The most important results in our present study showed significant correlations of VKORC1–1639 G/A and 1173 C/T genetic polymorphisms with warfarin maintenance dose requirement, implying that −1639 G/A and 1173 C/T polymorphisms in VKORC1 gene may be predictors of safe warfarin maintenance dose. The average maintenance dose of warfarin in the VKORC1–1639 G/A AG + GG genotype carriers was significantly higher than that in the AA genotype carriers; the warfarin maintenance dose in VKORC1 1173 C/T CT genotype carriers was significantly higher than that in the TT carriers. The potential mechanisms by which VKORC1–1639 G/A and 1173 C/T genetic polymorphisms play a role in warfarin maintenance dose requirement may be explained by that, warfarin exerts its inhibiting effect on vitamin K to form coagulation factors II, VII, IX and X in the liver, and thereby warfarin dose requirement may be related to the genes encoding the related proteins in the vitamin K cycle pathway [32,33]. VKORC1, as a key vitamin K metabolism enzyme, is able to prevent the production of reduced vitamin K, reducing the formation of vitamin K dependent coagulation factors to achieve an anticoagulant effect [34,35]. VKORC1–1639 G>A, located in the promoter, is capable of regulating the expression of VKORC1, thus may affect the warfarin maintenance dose requirement. In this study, higher warfarin maintenance dose in the AG + GG genotype carriers than the AA genotype carriers showed that the mutation of the promoter in VKORC1 were related with low warfarin dose and high warfarin sensitivity. In addition, the correlation of VKORC1 1173 C/T intronic polymorphism with warfarin maintenance dose requirement revealed that 1173 TT genotype had the lower average daily dose of warfarin than the CT genotype [25,29]. In line with our studies, Liang et al. also found that AG genotype in the VKORC1–1639 G>A SNP was associated with a higher maintenance dose than those with the AA genotype [7]. D’Andrea et al. also demonstrated the mean required warfarin dose was higher among patients with the VKORC1 1173 CC genotype than those of patients carrying the CT or the TT genotype [36].

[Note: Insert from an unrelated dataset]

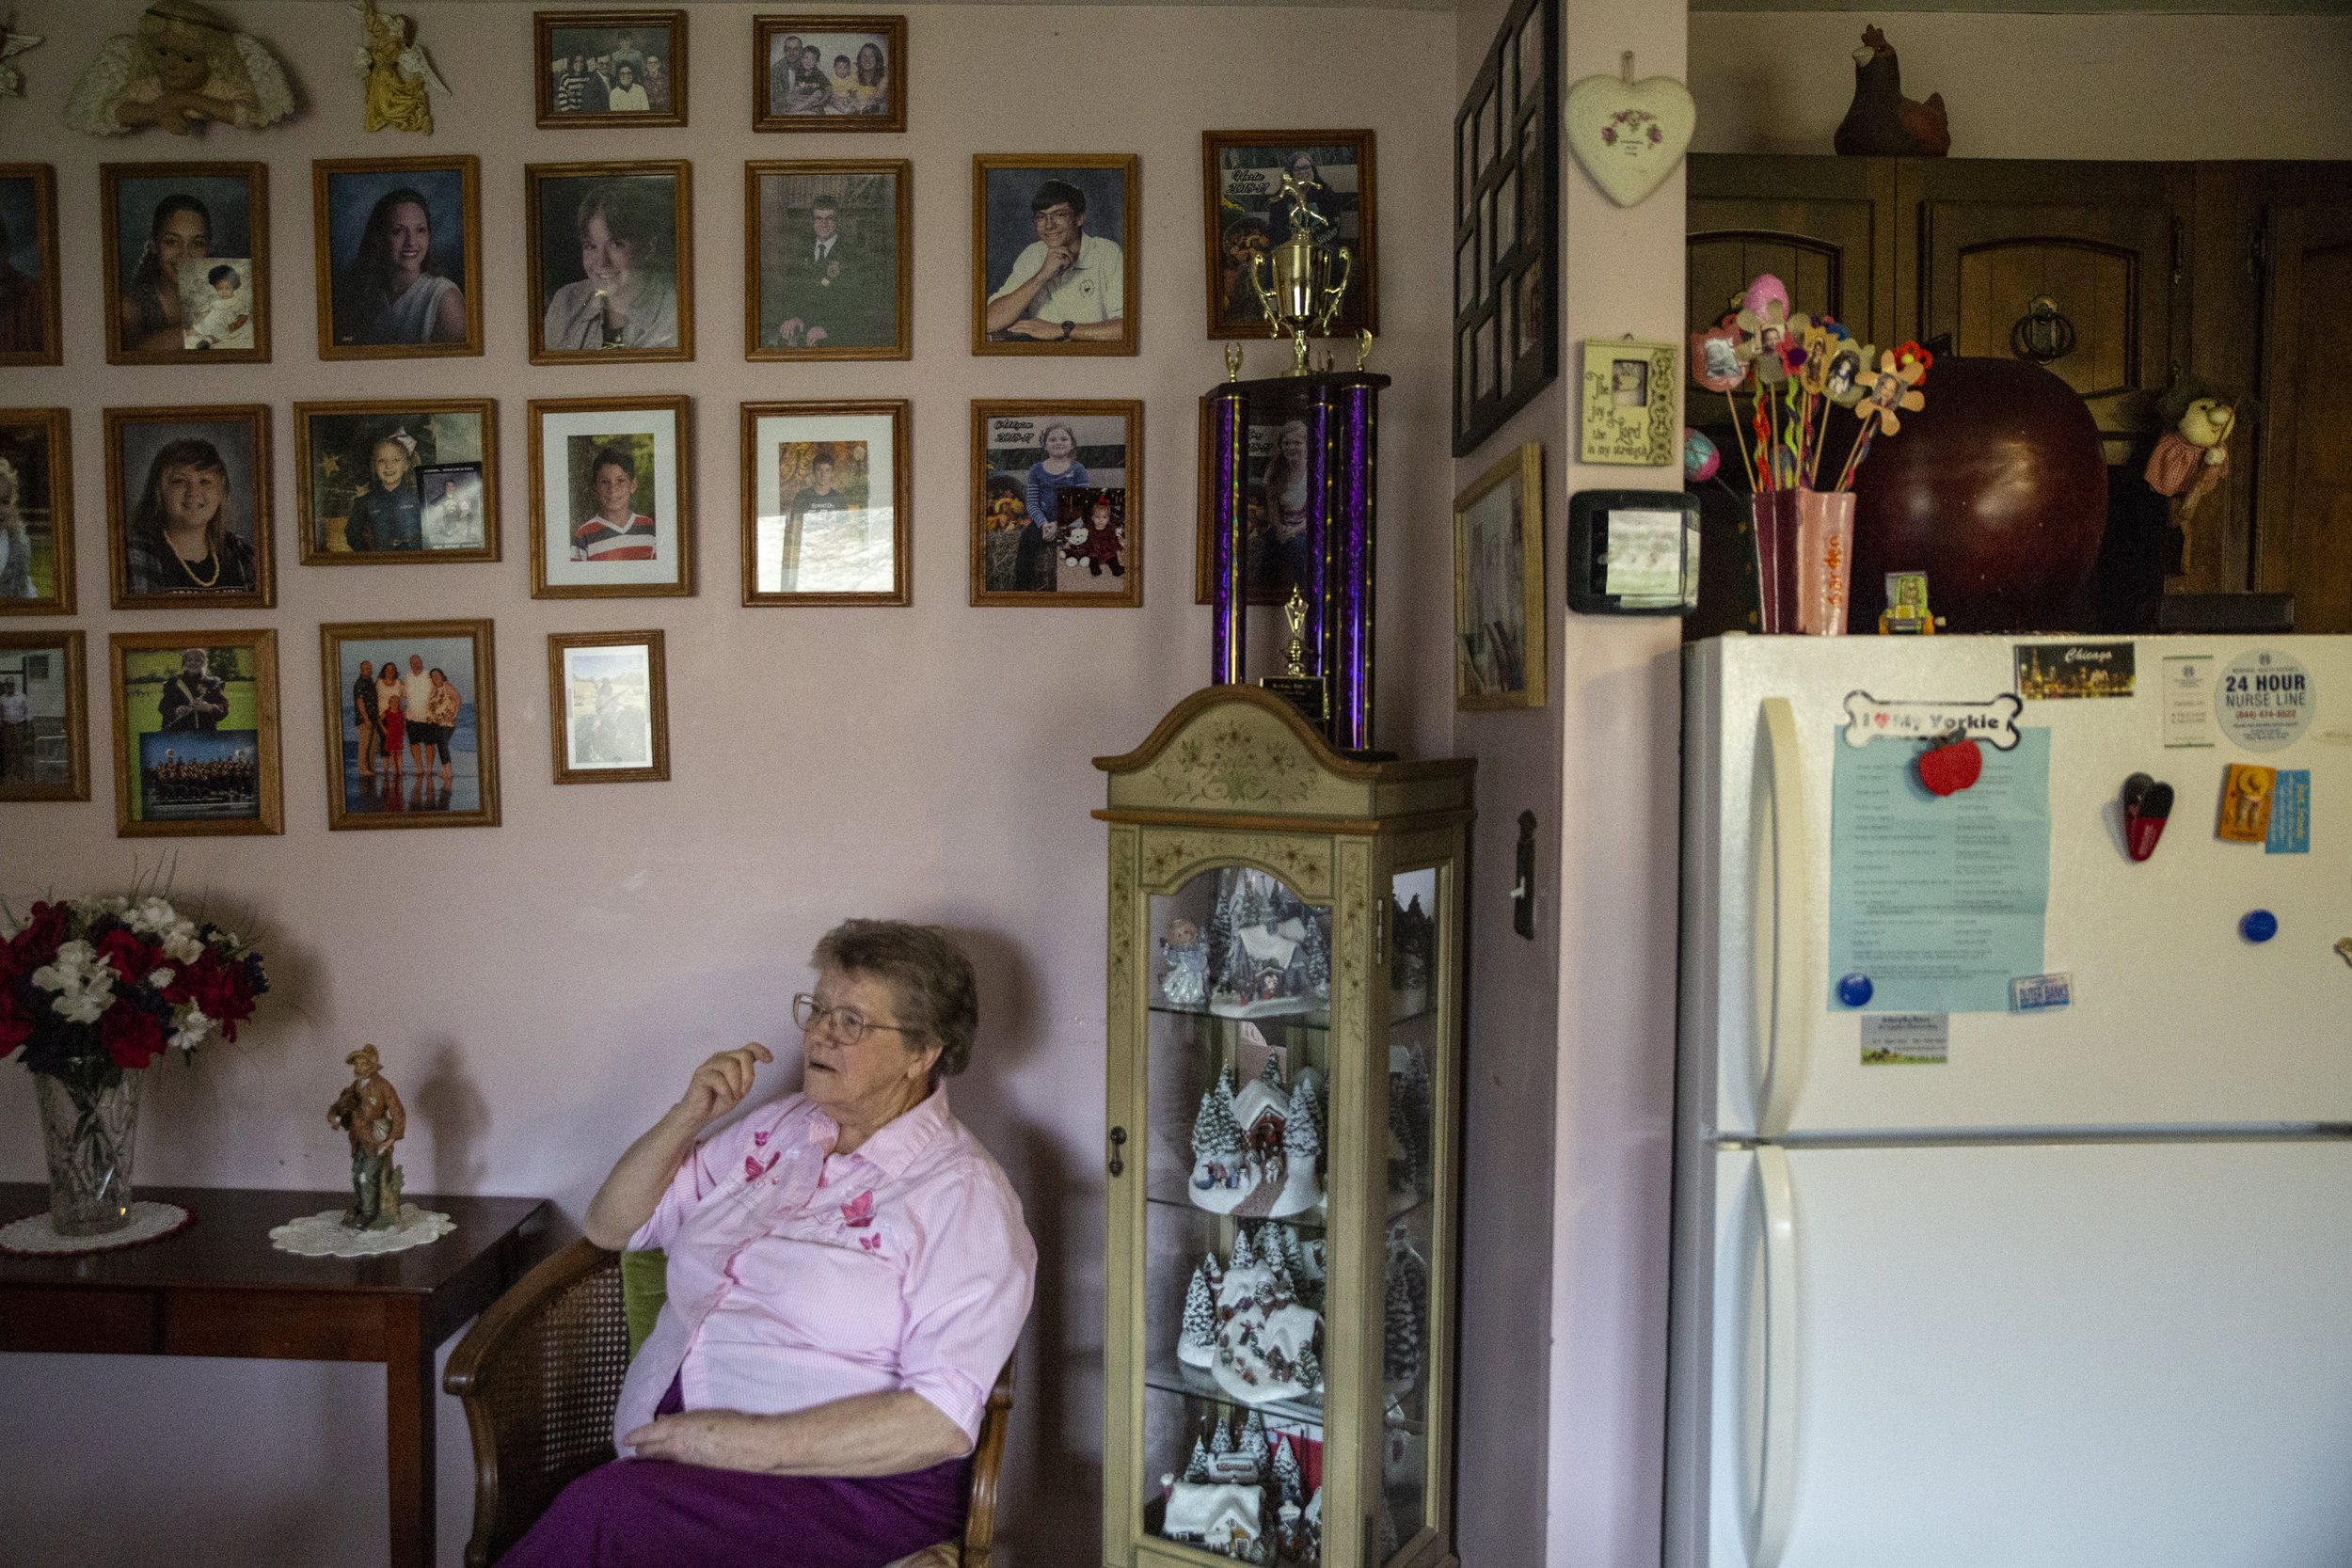  At 80, Donna Russell is one of Sharpsburg’s oldest residents. Proximity to family is important to Donna, who lives on the same property as multiple family members, each with their own subdivision. 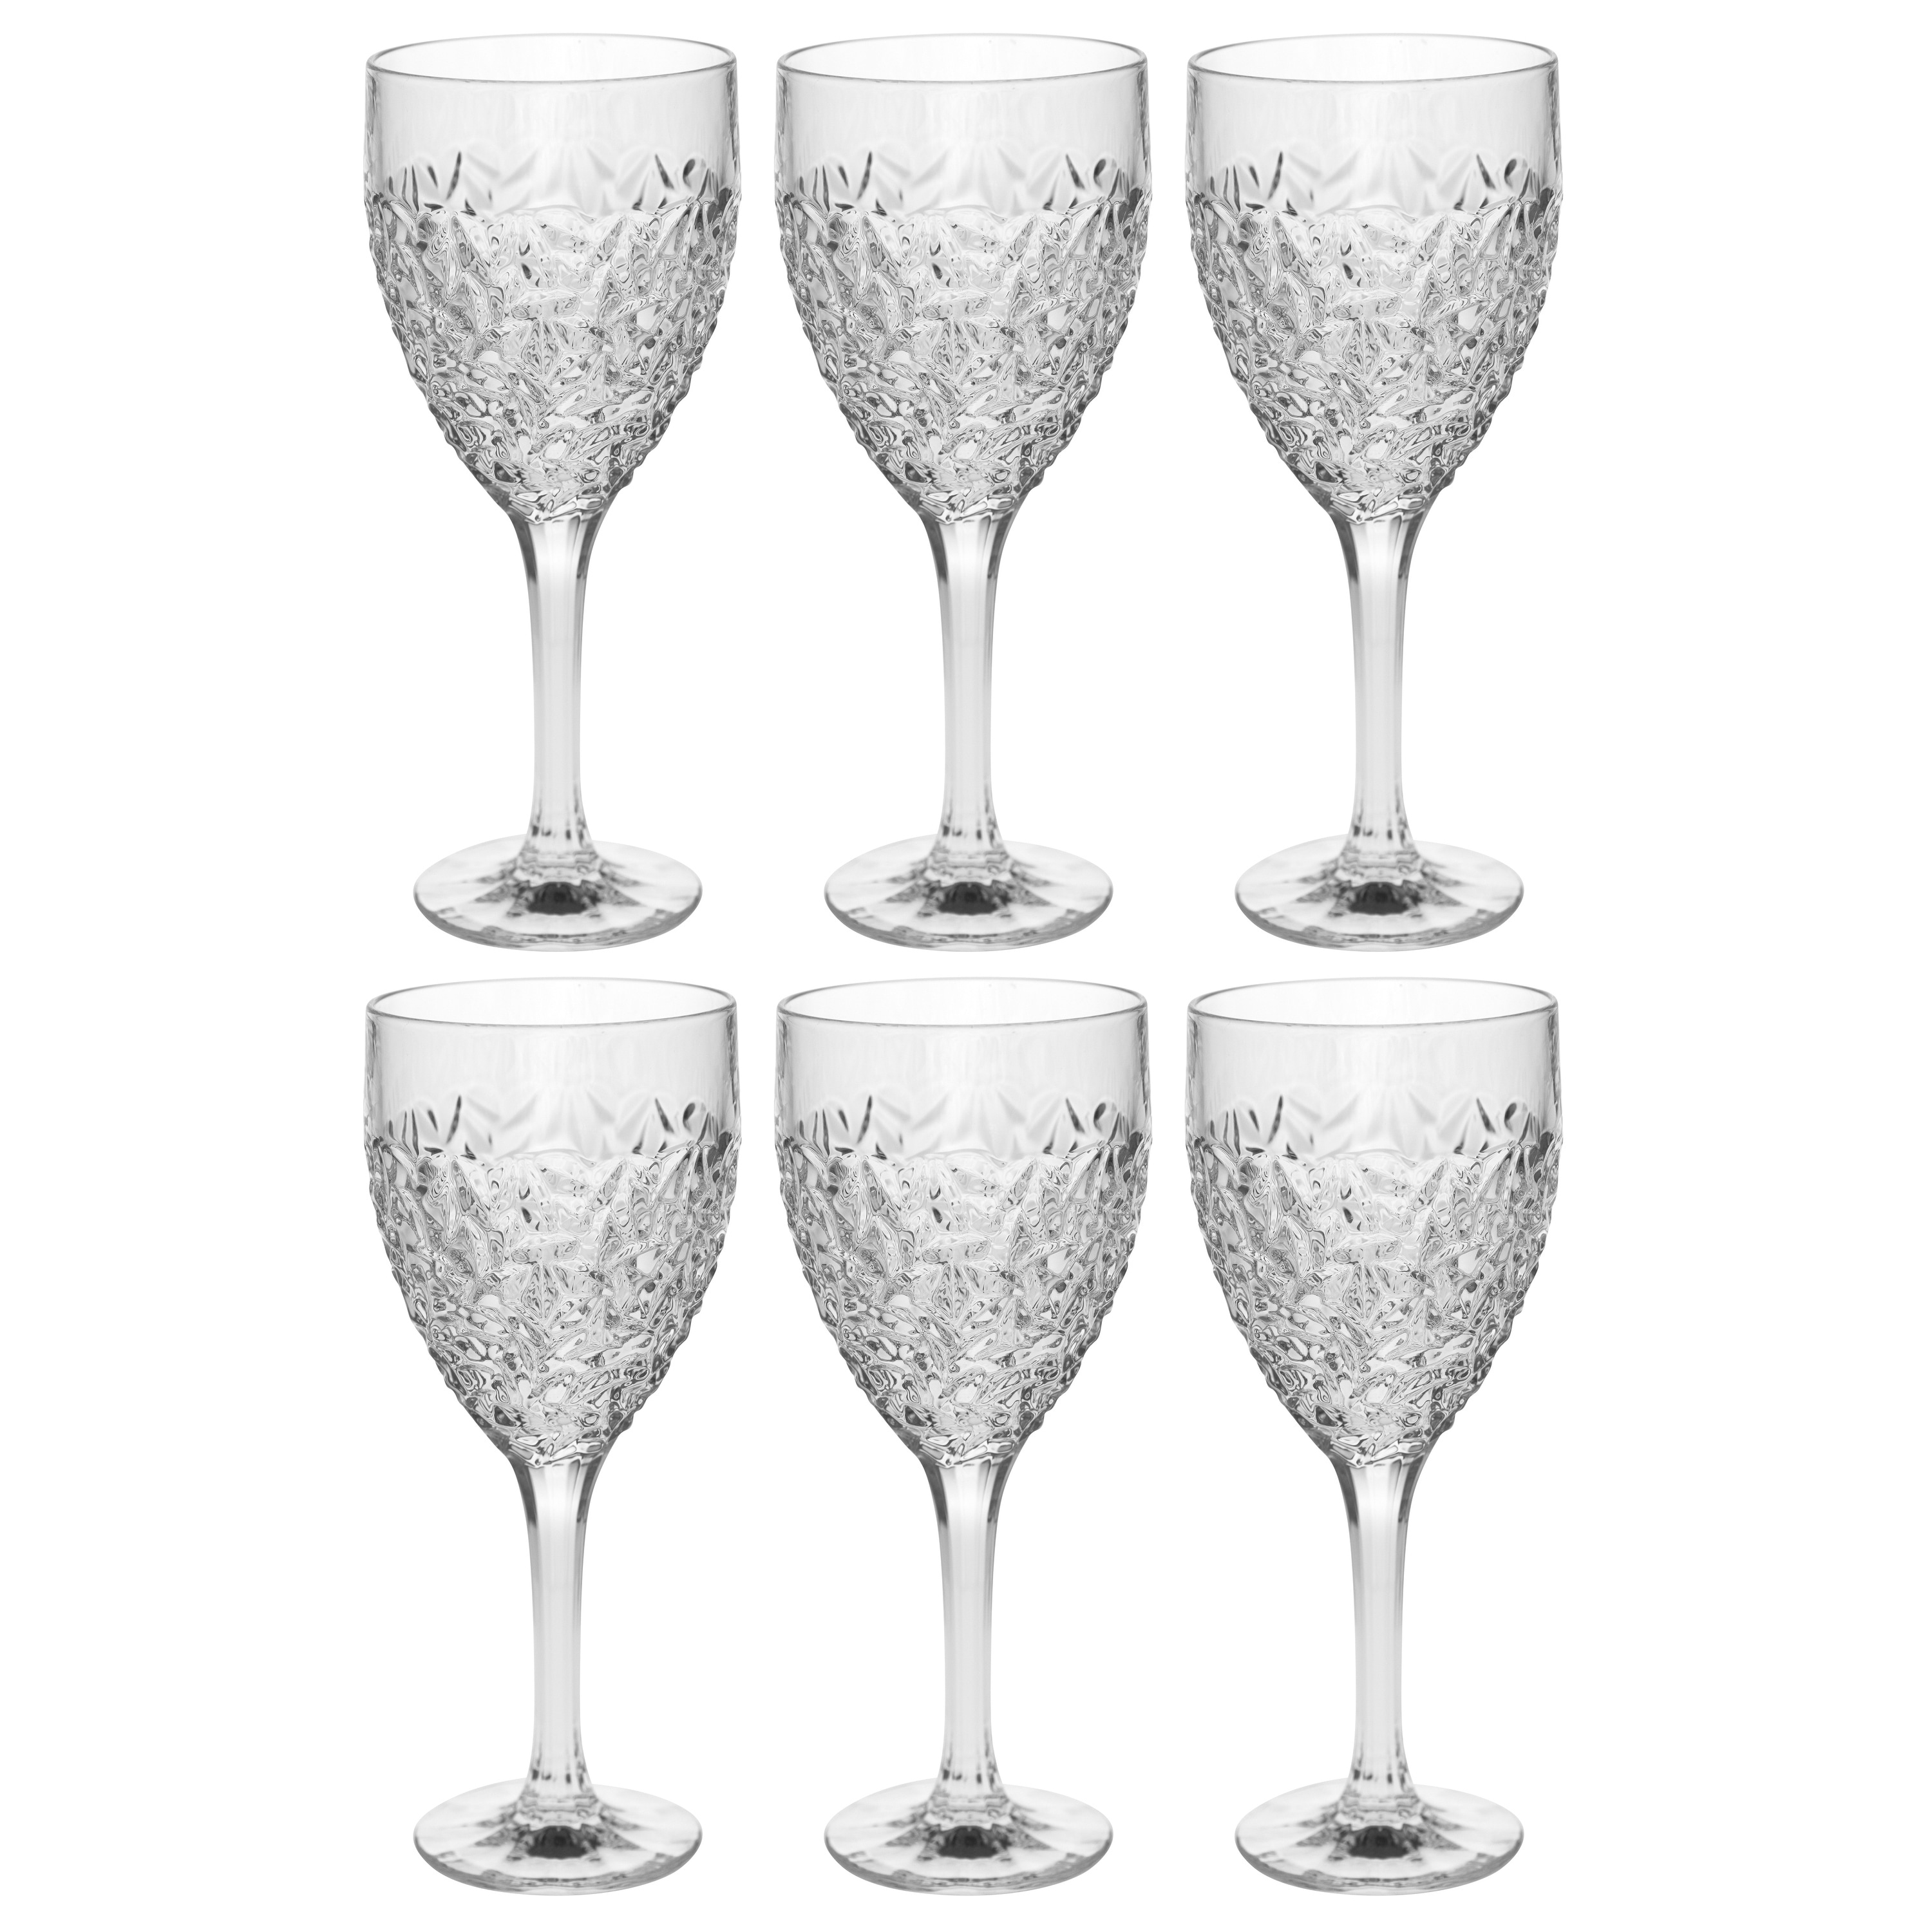 Frosted 17oz Stemless Wine Glass

The results of our linear regression analysis further confirmed the importance of VKORC1–1639 G/A and VKORC1 1173 C/T in individual differences of warfarin maintenance dose. As for other environment factors for the maintenance dose of warfarin, gender, operation method, and method for heart valve replacement might also be independent factors for the warfarin dose differences. Our study revealed a higher warfarin maintenance dose in male patients than female patients, which is line with a previous study of Kabagambe et al. demonstrating that inclusion of vitamin K intake in the model slightly improved the amount of variance explained by gender [37]. Daniel et al. have predicted that the operation method would provide an INR value within the therapeutic range 65–80% of the time once three or more INR observations are available, making this a useful tool for clinicians and warfarin clinics [38].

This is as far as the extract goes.